§ The data:
※ ※ ※
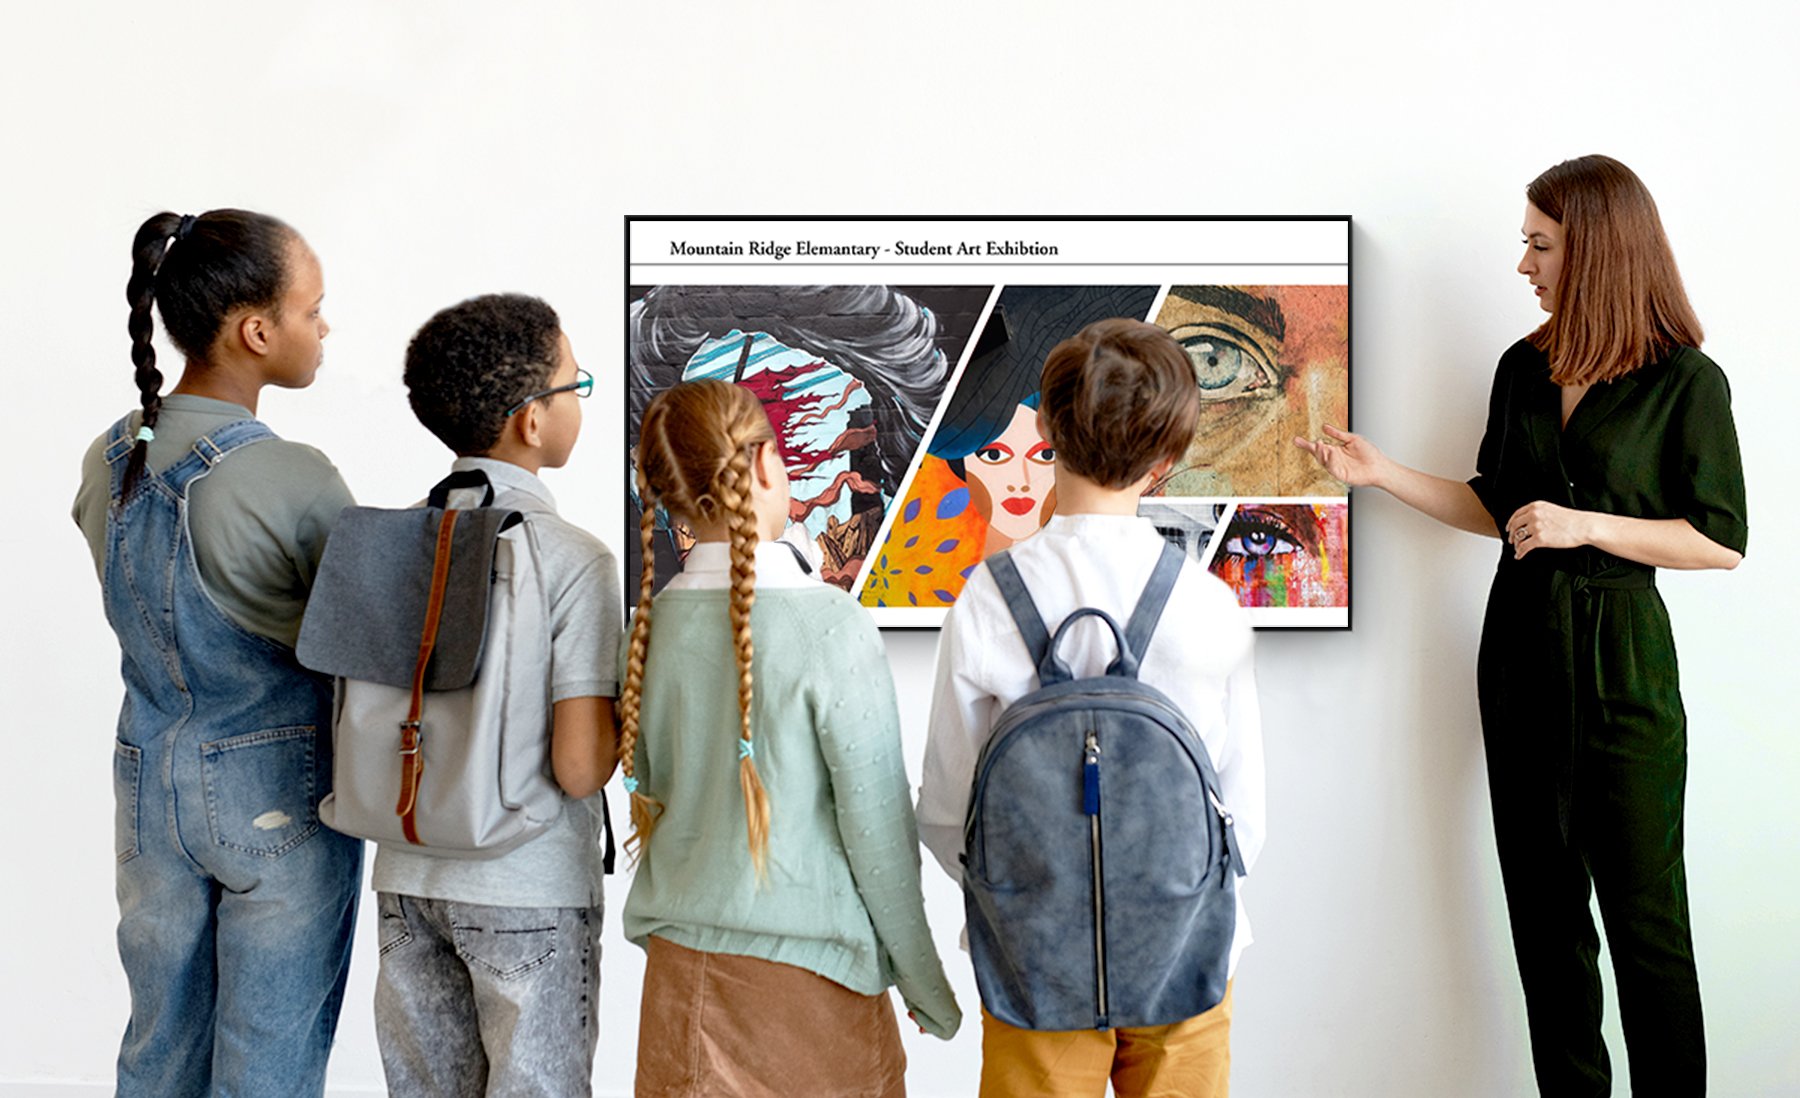 Teacher showing students an art exhibition on a BenQ display using digital signage software
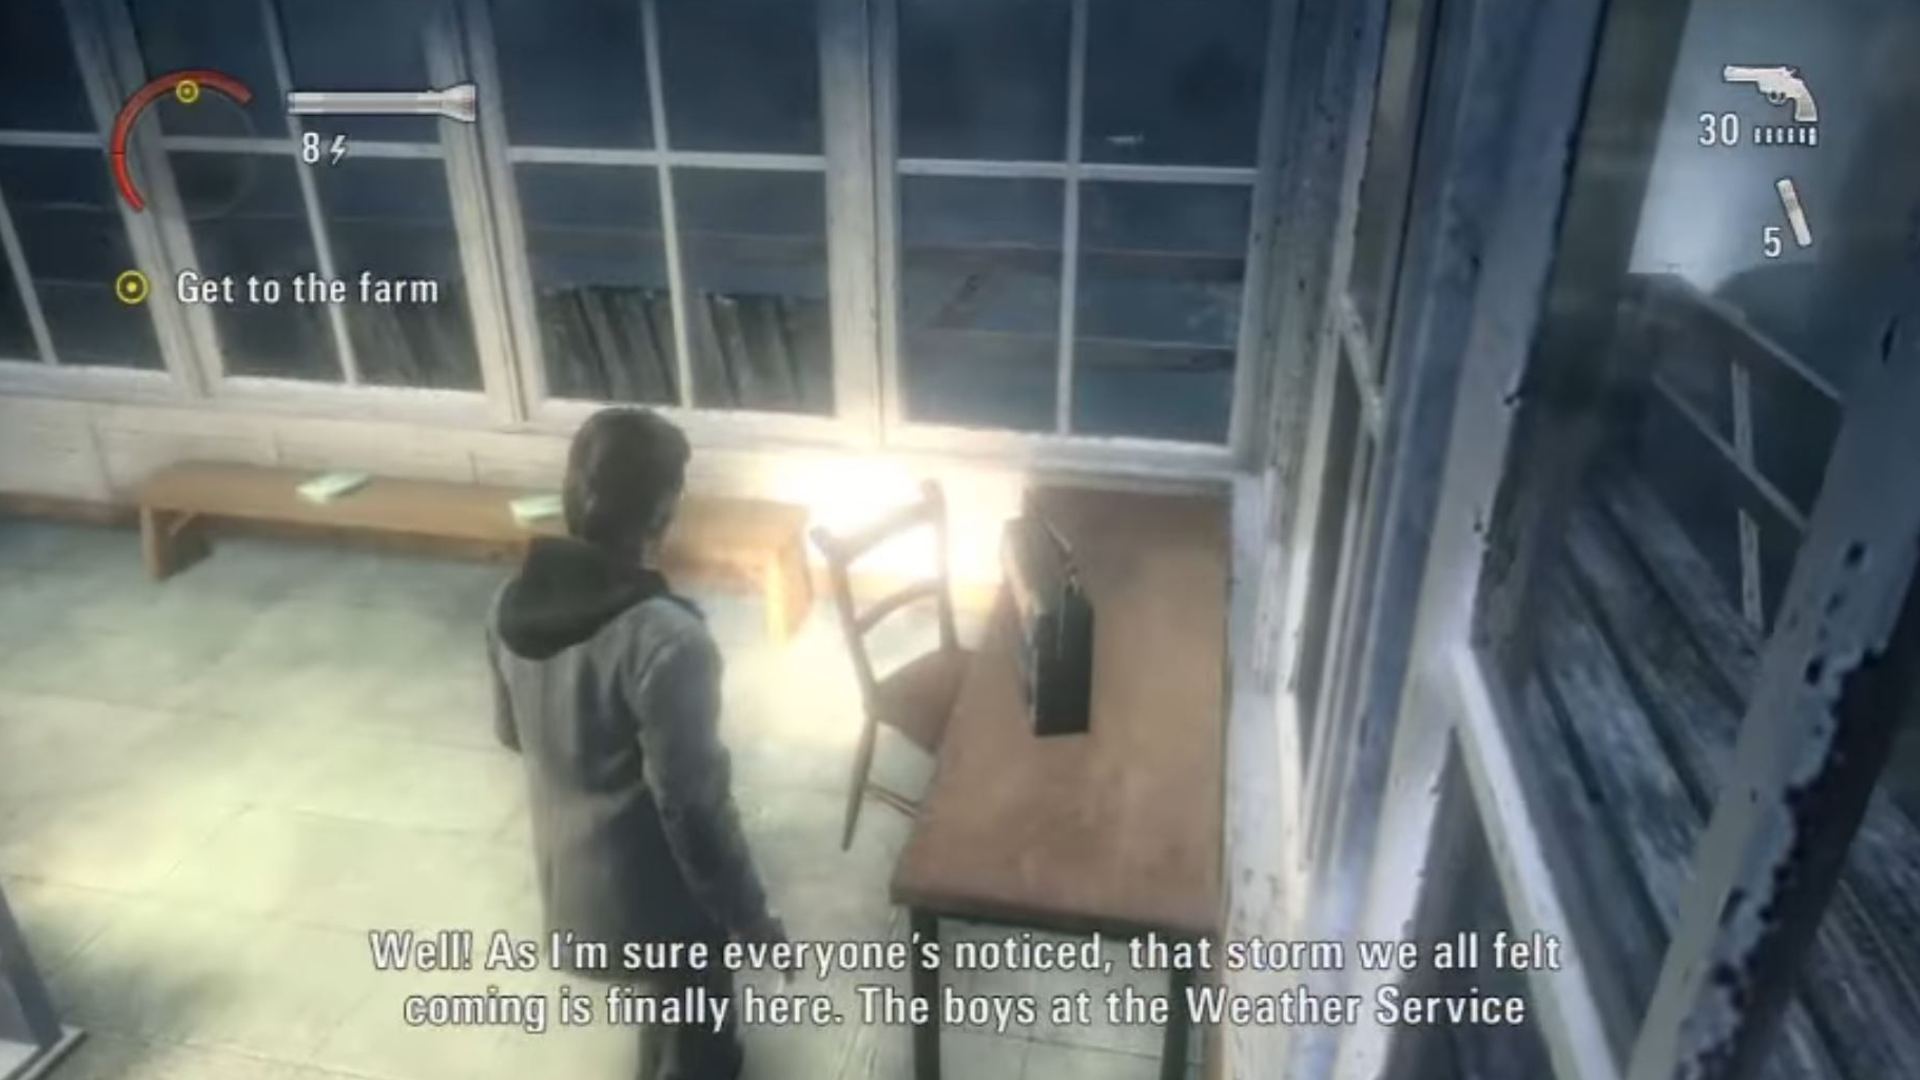 Alan Wake Remastered radios: Alan is looking at the radio sat on the table in the watchtower.
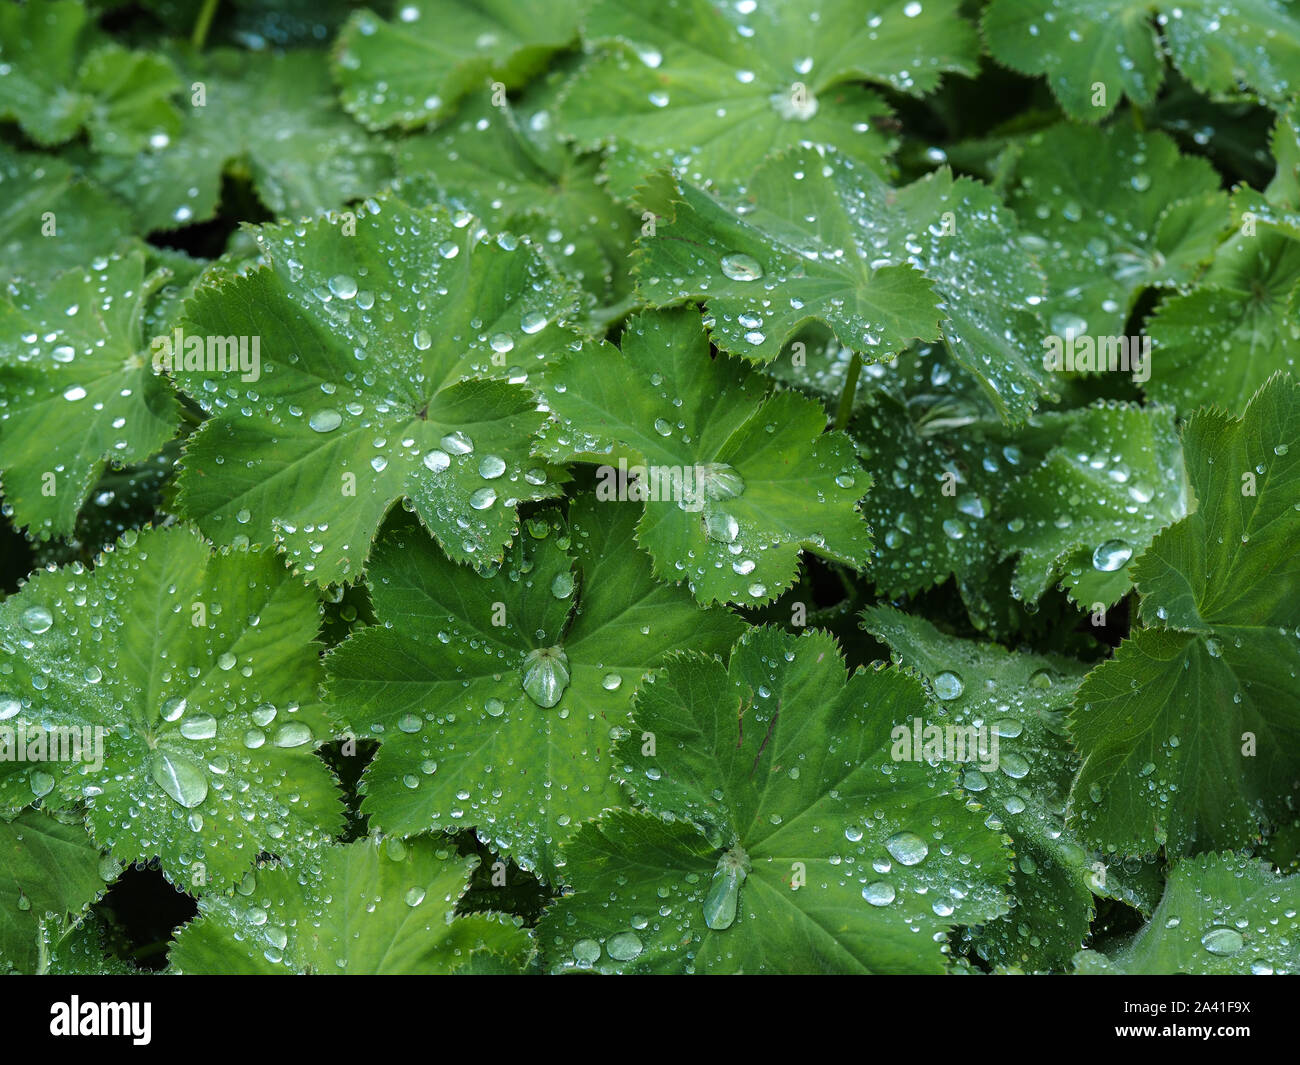 Water droplets from a rain shower on the green leaves of a garden geranium plant Stock Photo
※ ※ ※
§ Exercise directions:
Images stay out, but the rest of the data above must be repeated exactly.

§ Written answer:
 Teacher showing students an art exhibition on a BenQ display using digital signage software
 Alan Wake Remastered radios: Alan is looking at the radio sat on the table in the watchtower.
 Water droplets from a rain shower on the green leaves of a garden geranium plant Stock Photo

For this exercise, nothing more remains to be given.